Q: Describe the project you presented at the English Symposium.
A: For my senior English Capstone Presentation, I presented two chapters of the novel I’m writing, tentatively titled “Not Again.” The premise of the book is “Get Out” meets “Black Mirror.” It’s sci-fi, but it’s looking at the history of how we’ve dealt with black people in this country historically and imagining what the next cycle of that containment or control is going to look like. It’s this creepy dystopian looking at the future and trying to imagine what’s going to happen next and then specifically focusing on mass incarceration and ideas of containment throughout history. In the novel, they’re redesigning the prison industrial complex, so they’re looking at a new way to imprison people, “they” being the antagonists. These two app designer dudes who get together and basically think to themselves, “OK, we’ve made this really cool app that looks at criminology in a very specific kind of scary way of making this giant database, let’s see what we can do if we wanted to join forces with a different organization to build a center.” They are the general antagonists, but it’s also a network of an engineer, an architect and other people.

Q: Could you expand on what the plot of the novel is?
A: We follow a character named Gabriel at the beginning and he gets arrested, but the evidence that leads to his arrest has been planted. What’s interesting about him is that he’s representing the innocent that can’t afford a trial or just can’t afford to pay bail to get out — people who are innocent but are still incarcerated. He gets told by his lawyer that they don’t think he’s going to win so he should plead guilty and go to this experimental facility that would give him a lot more freedom than he would have in the regular criminal justice system. So he takes the opportunity, because he’s been told he can see his family more, he would have his own place and where he’s going to be living is going to be modeled more like a town and less like a prison. But the idea is that regular people can also come and visit this town and talk to people who have chosen to live in this community … kind of like “Westworld.” The whole idea is that they’re taking the criminals you once feared and making them the neighbors you know and love, so there’s this creepy paternalistic narrative around “we’re going to bring these people into this better place.” That’s where we start, but I also wanted to show what’s going on with people who are not directly involved with this system, so the second story is that of a girl, AK, who is in a predominantly white high school, and she’s hearing buzz about this new place, tentatively titled “Carcertown” — as in “incarceration” — so she’s representing the outside world’s opinion on it. She decided to go check it out and that’s how their two stories meet, action happens in the town, and I think I’m going to leave the story on a cliffhanger of Gabriel having the opportunity to get out of the town.
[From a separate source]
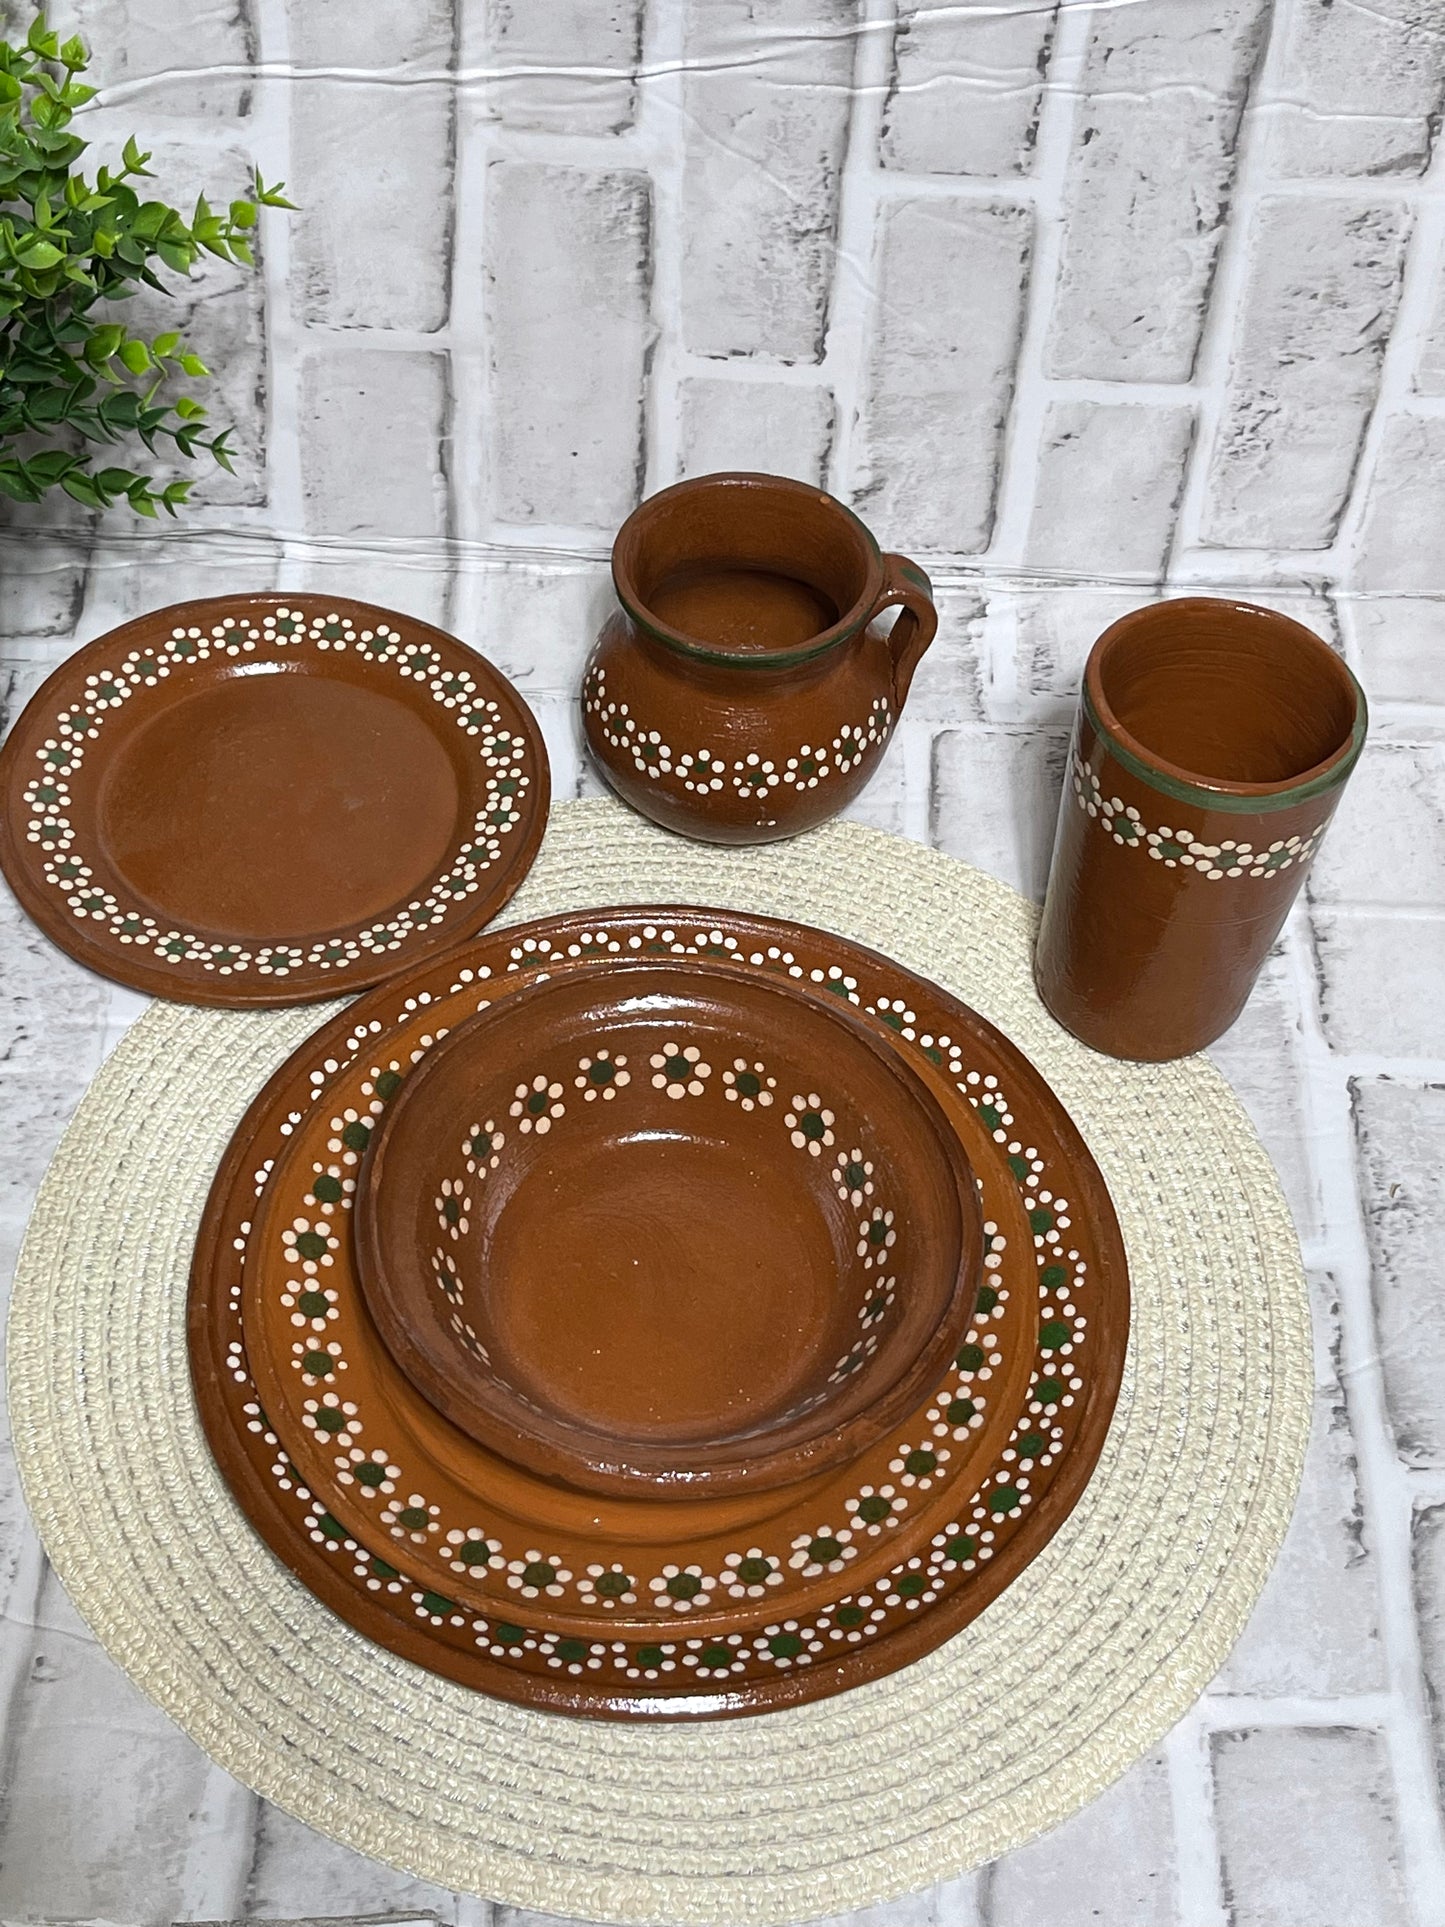 Rustic Handcrafted Mexico terracotta dinnerware- vajilla de barro hecho a mano.
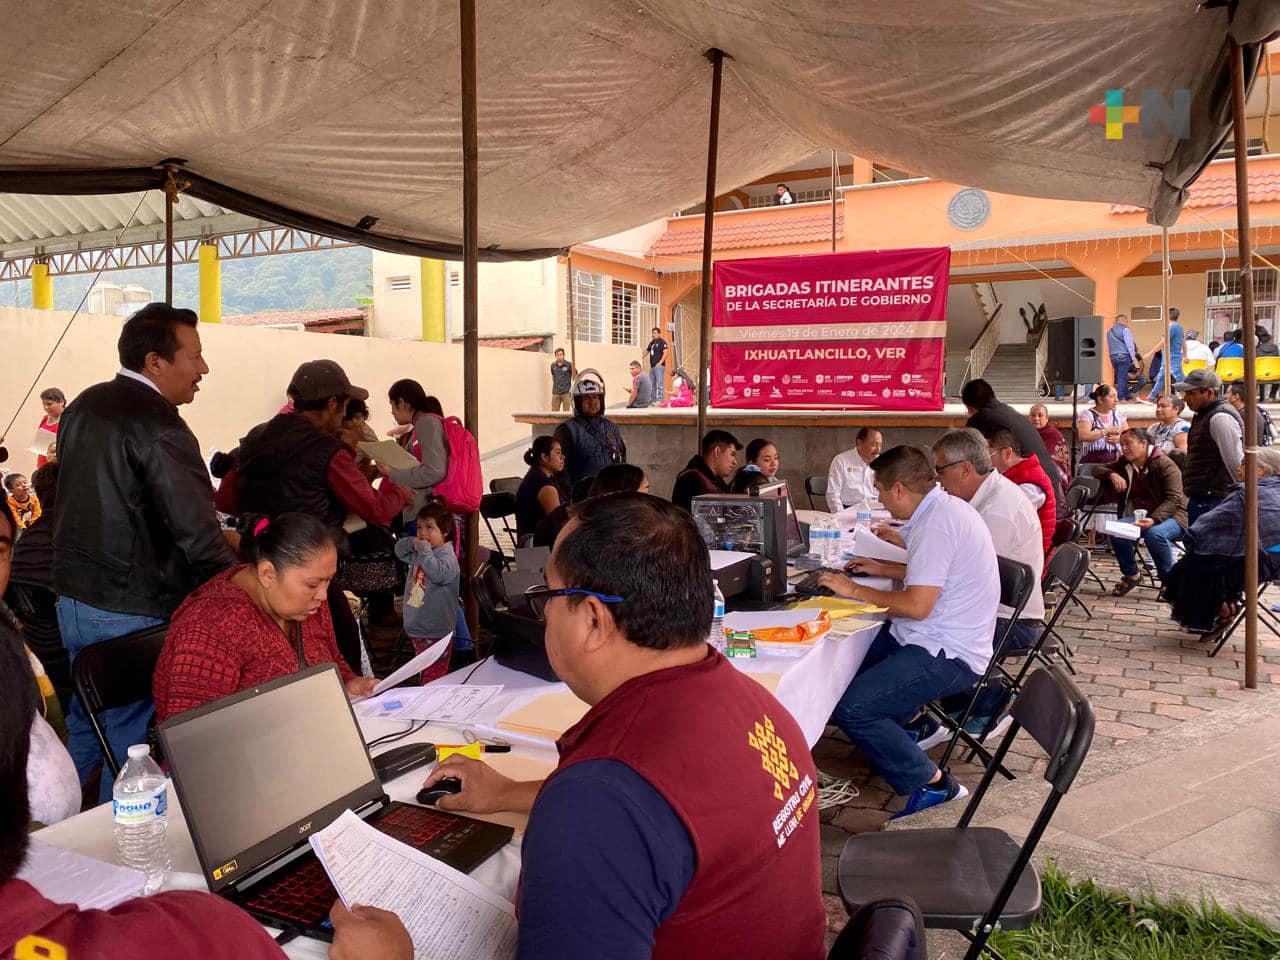 Brigadas Itinerantes del Registro Civil brindan más de 2 mil trámites en Ixhuatlancillo y Atzacan

Q: How did this first come into fruition? Where did you get the idea, what inspired it and what here at Amherst allowed you to pursue this project?
A: I got the idea the day after the 2016 election … I didn’t feel like doing anything, so I choose to stay in bed and watch Netflix. But it felt really wrong to watch a show like “Friends,” so I found Ava DuVernay’s “13th” documentary which outlines the history of imprisonment and containment in this country of black individuals. It just seemed really cyclical. I was just saying to myself, “OK, so this keeps happening, so I wonder what will be next?” Now thinking about the new political climate, what will be the next form of this “correctional facility,” what’s the next mode? That’s how the idea came into my mind, and then I got into Professor Frank’s “Writing the Novella” class, and that’s where I started writing it. Well, I started writing it the summer before the class and kept working on it throughout her class in the fall, and then I told her I really didn’t think it was a novella, I thought it was a novel. She allowed me to take a special topics course this semester to keep writing it. I’m writing it now, and I’m about 140 pages in.

Q: What do you envision the end of this project being? Do you think you’re close to your goal?
A: I think I am close to it — I’m letting the story run where it wants to go right now, at least I’m trying to. I started out very structured with bringing two protagonists together and weaving their stories in and out. Now that they’ve met up in the creepy kind-of-prison town, I need to find out what’s going to happen next. But I do feel that I’m close to the end, it’s just figuring out what I want to leave the message as. So, I’m trying to figure out that and also the stakes of the story, but I feel that I’m getting closer to the end. I’m probably three-fourths of the way done.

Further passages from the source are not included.